Шрифт:
Интервал:
Закладка:
– Так ты знаешь, где ее коттедж?
– Ясное дело, знаю.
– Проводишь меня?
– Конечно. Он здесь, недалеко. Им выделили самый большой коттедж и малость на отшибе. Звезды, сами понимаете. – С этими словами он повернулся и направился в темноту. – Пожалуйте за мной, мистер Уэллс.
Они в молчании пересекли площадь перед клубом, который в этот час был освещен только небольшим фонарем у входа. И охранник, и шофер точно рассчитали свой темп, чтобы, с одной стороны, Алан мог поспевать за ними, а с другой – не замечал их стараний. Они поднялись по тропинке к ряду хоганов и, миновав их, вскоре остановились перед коттеджем, поставленным так, чтобы с веранды открывался великолепный вид на горы.
Два окна в коттедже были освещены. Изнутри, преодолевая барьер окон и двери, доносились голоса.
Алан направился к входу в коттедж, поражавший своей изысканной простотой. Сопровождающие довели его до калитки из штакетника, за которой был маленький палисадник, и дальше Алан пошел один. Пока он шел, опираясь на костыли, звуки голосов все нарастали и наконец превратились в слова. Он остановился на пороге, стыдясь, что подслушивает, но ничего с собой поделать не мог.
Мужской голос звучал громко и сварливо:
– А я говорю, поедешь в Лос-Анджелес со мной. Не хватало еще, чтобы твои глупые капризы сорвали нам всю работу!
В голосе Суон Алан расслышал необычную для нее решимость:
– А я говорю, не поеду.
– Нет, поедешь, я тебя пинками в задницу погоню, если надо будет. Ты контракт подписала и обязана его выполнять. На тебя нашла очередная блажь, но меня в это прошу не впутывать. Трахайся хоть до посинения с этим получеловеком, но…

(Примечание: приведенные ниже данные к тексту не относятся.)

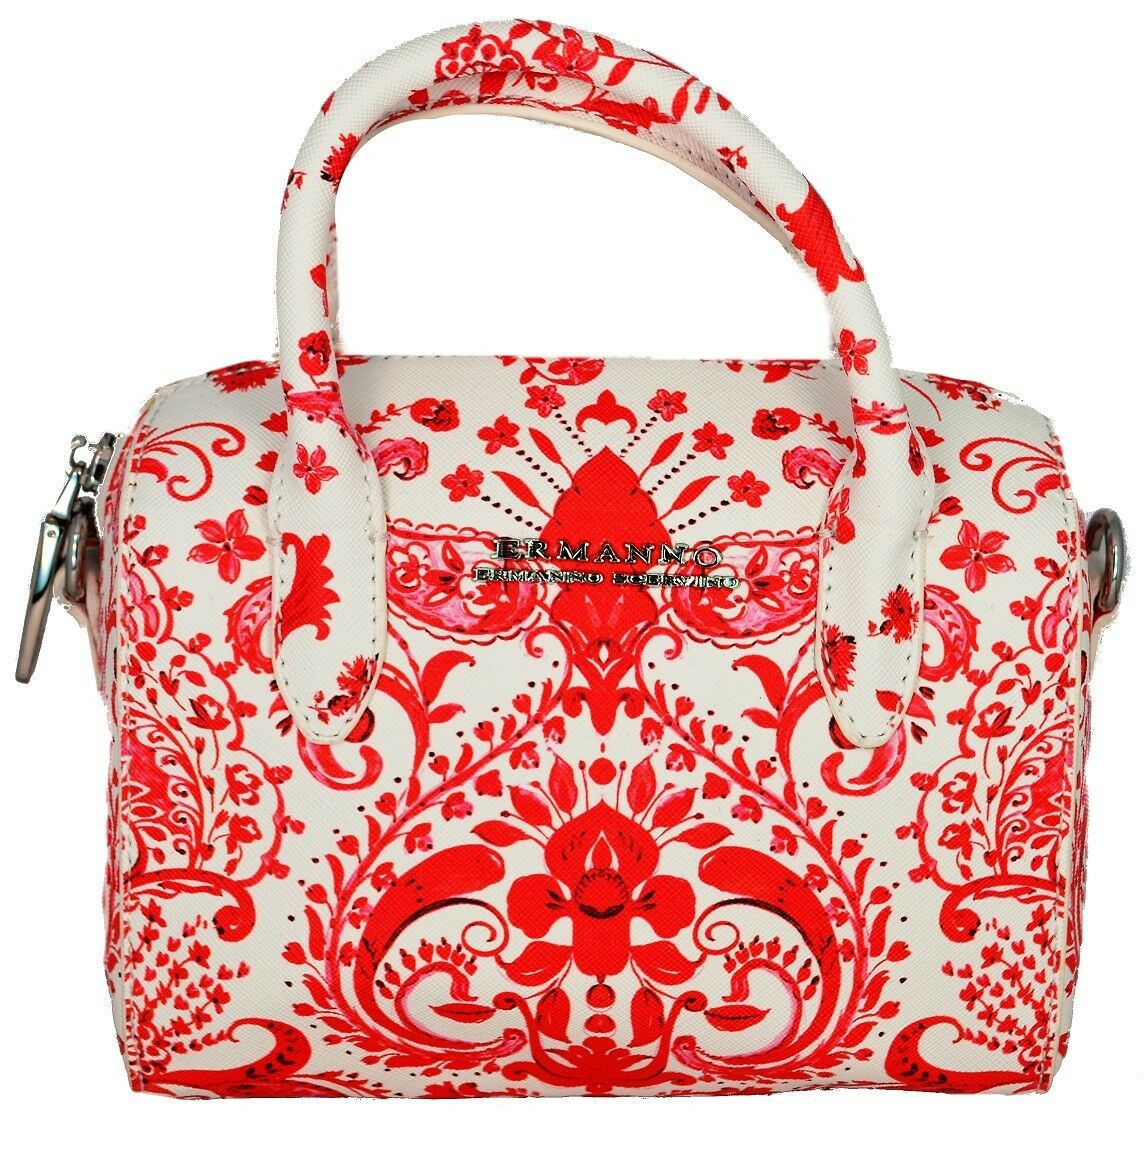 Tasche Handtasche Tasche Frau Koralle Ermanno Scervino Bag Frau Orange Linea Co

Голос внезапно оборвался от гулкого звука пощечины. Вслед за этим послышалось злобное шипенье сквозь зубы:
– Ах ты, сука поганая!
И тут же до Алана донеслись сдавленный стон, звук падающего тела, грохот стула об пол.
Алан оперся на левый костыль, а правой рукой взялся за дверную ручку. Дверь была не заперта. Он толкнул ее с такой силой, что она гулко ударилась об стену.
Суон лежала на полу и прикрывала лицо руками. Склонившегося над ней человека Алан узнал по многочисленным фотографиям в журналах и люто возненавидел сразу, как только прочел в тех же самых журналах о том, что Саймон Уитекер взял Суон себе в любовницы.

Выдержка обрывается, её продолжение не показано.